Но ежеминутно подымается во мне тяжелый вздох, который меня душит, потому что этот контраст между внешним весельем и теми горестями, которые я таю в глубине сердца, открывает много скрытых ран. Все равно, надо печаль таить про себя и заставить других забыть, что у меня душа разбита. Это в особенности обязанность матери семейства, и ты, верно, поймешь это теперь, когда ты тоже мать.
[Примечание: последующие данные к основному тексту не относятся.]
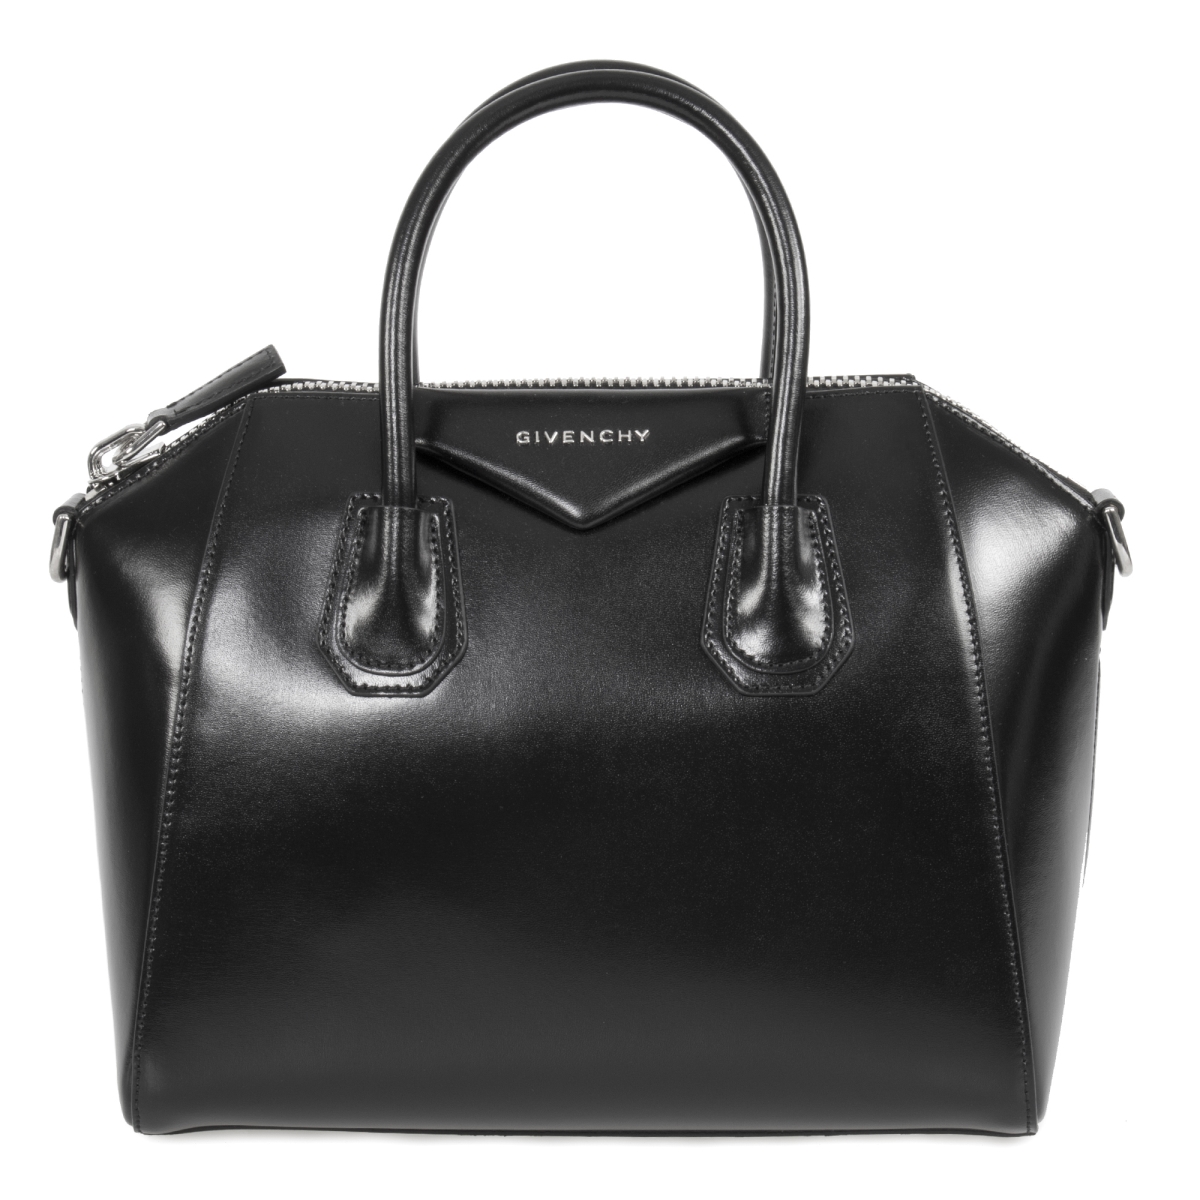 Gvy-hbag-anti-blk-svr-det-s Small Antigona Calfskin Leather Satchel Bag, Black With Silver Hardware
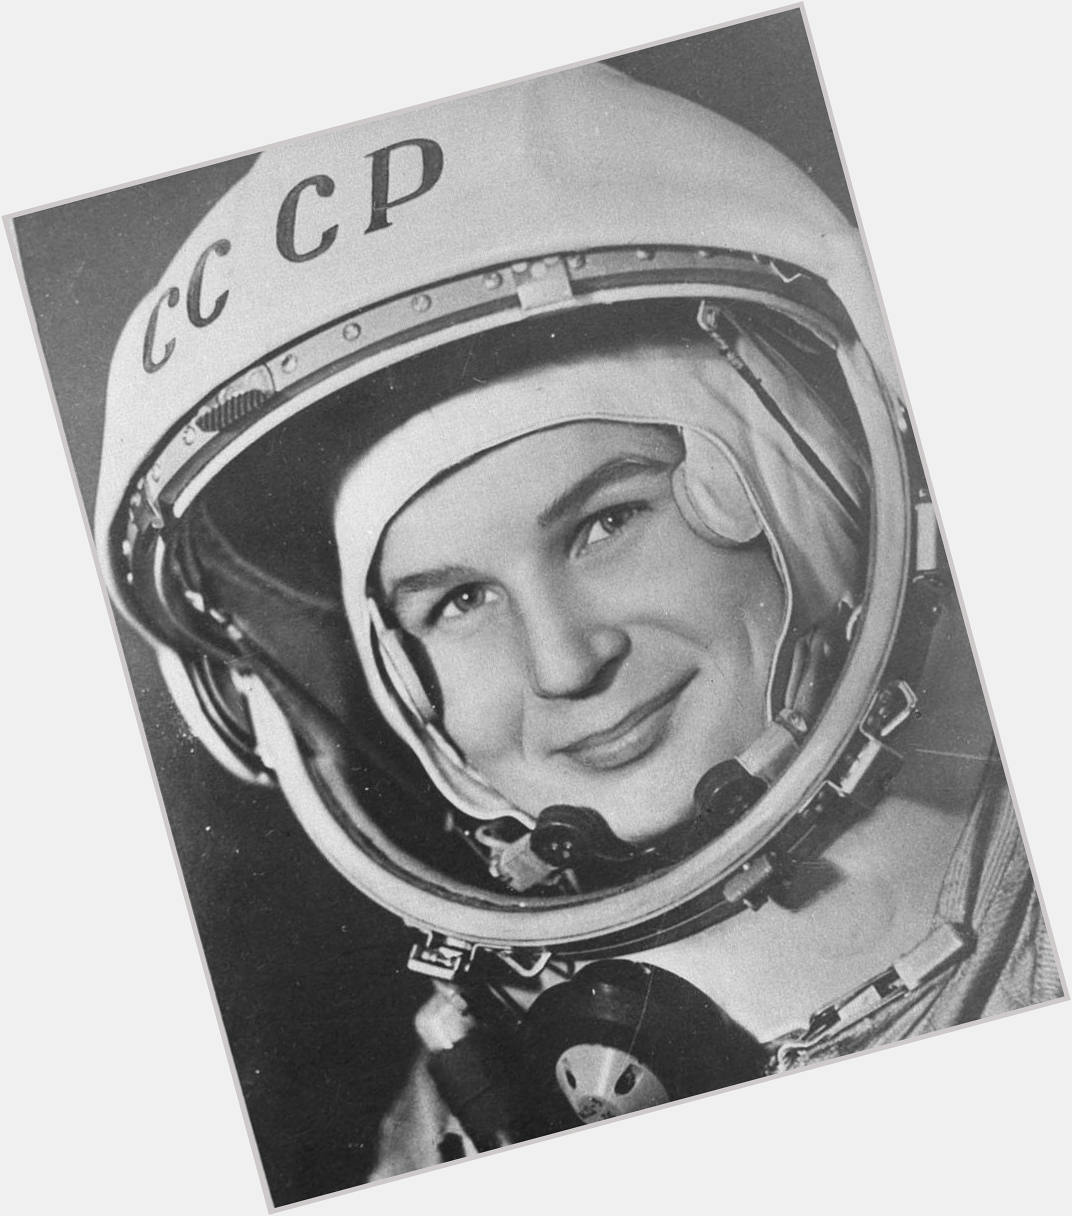 Happy 80th birthday to Russian astronaut Valentina Tereshkova, who was the first woman to

Когда твой Жорж будет большим, ты будешь от него скрывать все свои заботы, чтобы его оградить от отражения на нем этих забот...»[752]
Итак, за эти два года – 1847-1849, – Жорж Санд потеряла трех близких и дорогих людей: умер Шопен; умер друг детства и юности Ипполит; все равно, что умерла Соланж. Немудрено, что большинство писем ее этих лет – помимо тех, которые посвящены политическим вопросам или материальным делам, – полны мрачного отчаяния, глубокой скорби и безнадежности. Может быть, Жорж Санд не вынесла бы всех этих потерь и разочарований, не случись событий 1848 года, рассказу о которых посвящается глава III.
А теперь скажем лишь несколько слов о судьбе переписки Жорж Санд с Шопеном, тем более, что по поводу нее до последнего времени опять-таки ходили легенды или существовали не вполне точные повествования, а мы имеем возможность привести несколько интересных неизданных писем.
В 1851 году Жорж Санд написала и поставила 10 мая на сцену театра Gaité пьесу «Мольер», которую посвятила Александру Дюма-отцу. В ответ на посвящение, помеченное также 10 мая и написанное за несколько часов до представления, Дюма-отец ответил следующей милой запиской, явившейся прологом к весьма интересному обмену писем между Дюма-отцом, Жорж Санд и Дюма-сыном:
«Милостивая Государыня.
Прежде всего, тысячу благодарностей за Ваше внимание. Позвольте переслать Вам отрывок письма Александра, который из Мистовица только что нашел случай поговорить со мною о Вас. Постарайтесь разобрать его почерк. Может быть, Вы захотели бы вернуть себе те письма, о которых он говорит. Судя по тому, что он говорит, это, вероятно, не будет слишком трудно. Любите меня немножко, я Вас очень люблю.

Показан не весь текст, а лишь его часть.